A hashmap is a good way to store lookup values. In JavaScript, a hashmap is simply an object. Each key will store the lookup name of the country followed be the value which will be represented by a Country object.

The Country object can store two arrays - one for the alpha2 and one for the alpha3. I chose an array because the United Kingdom has two alpha2 values (UK and GB)

const country = (alpha2, alpha3) => ({
    alpha2,
    alpha3
})

const countries = {
    unitedStates: country(['US'], ['USA']),
    unitedKingdom: country(['UK', 'GB'], ['GBR']),
    canada: country(['CA'], ['CAN']),
    australia: country(['AU'], ['AUS']),
    puertoRico: country(['PR'], ['PRI']),
}

The Algorithm

  1. uppercase the country code
  2. lookup the country
  3. if country is present return it else return a default country
  4. apply rules

This will look like this:

const lookupCountryPipe = countries =>
    pipe(
        toUpperCase,
        lookupCountry (countries),
        ifNotPresentGetDefaultCountry (countries.unitedStates),
        countryRule (countries.canada) (countries.unitedStates)
    )

The key function is lookupCountry. It will return undefined if there is no country inside countries for the given countryCode. (In a 100% functional program you would return a Maybe instead of undefined)
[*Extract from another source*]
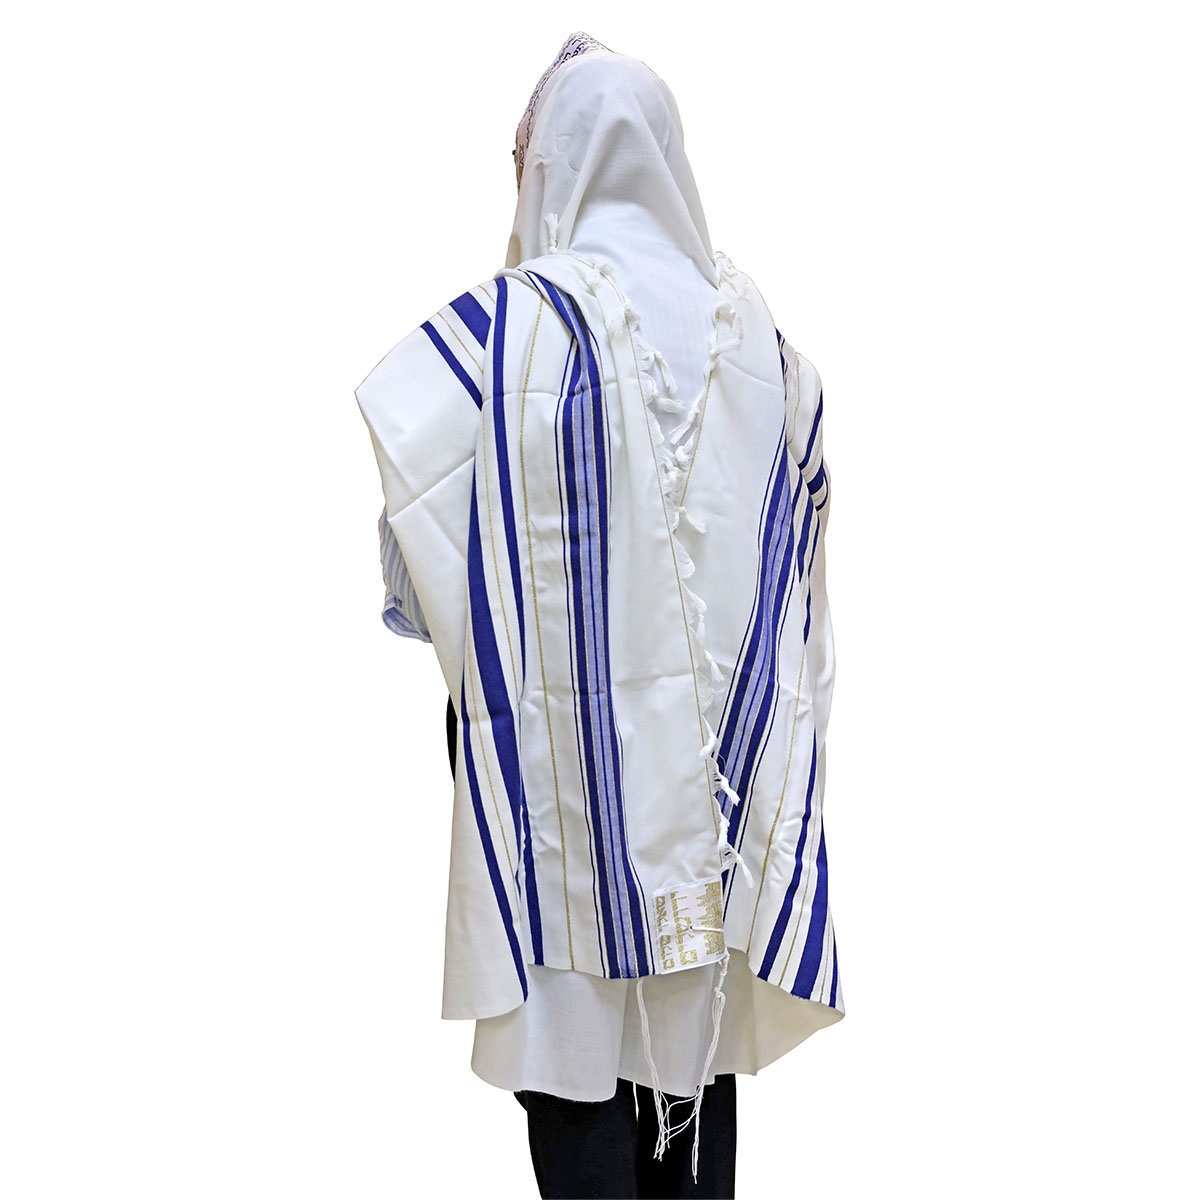 The tallit with tzitzit on the corners comes from the traditional

const lookupCountry = countries => countryCode =>  {
    const countryNames = Object.keys(countries)
    const country = countryNames[0]
    return countryNames.length === 0
        ? undefined
        : isCountryRelatedToCode(countryCode, countries[country])
            ? countries[country]
            : lookupCountry (omitProperty(country, countries)) (countryCode)
}

The whole code

// helper functions
const pipe = (...fns) => fns.reduce((f, g) => (...args) => g(f(...args)))

const toUpperCase = string =>
    string.toUpperCase()

const isEqualObject = a => b => 
    JSON.stringify(a) === JSON.stringify(b)
    
const omitProperty = (property, obj) => {
    const { [property]: omit, ...clone } = obj
    return clone
}
    
    
    

// country :: (['String'], ['String']) -> Country
const country = (alpha2, alpha3) => ({
    alpha2,
    alpha3
})

const countries = {
    unitedStates: country(['US'], ['USA']),
    unitedKingdom: country(['UK', 'GB'], ['GBR']),
    canada: country(['CA'], ['CAN']),
    australia: country(['AU'], ['AUS']),
    puertoRico: country(['PR'], ['PRI']),
}

// isCountryForCode :: (String, Country) -> Booealn
const isCountryRelatedToCode = (code, country) =>
    country.alpha2.includes(code) || country.alpha3.includes(code)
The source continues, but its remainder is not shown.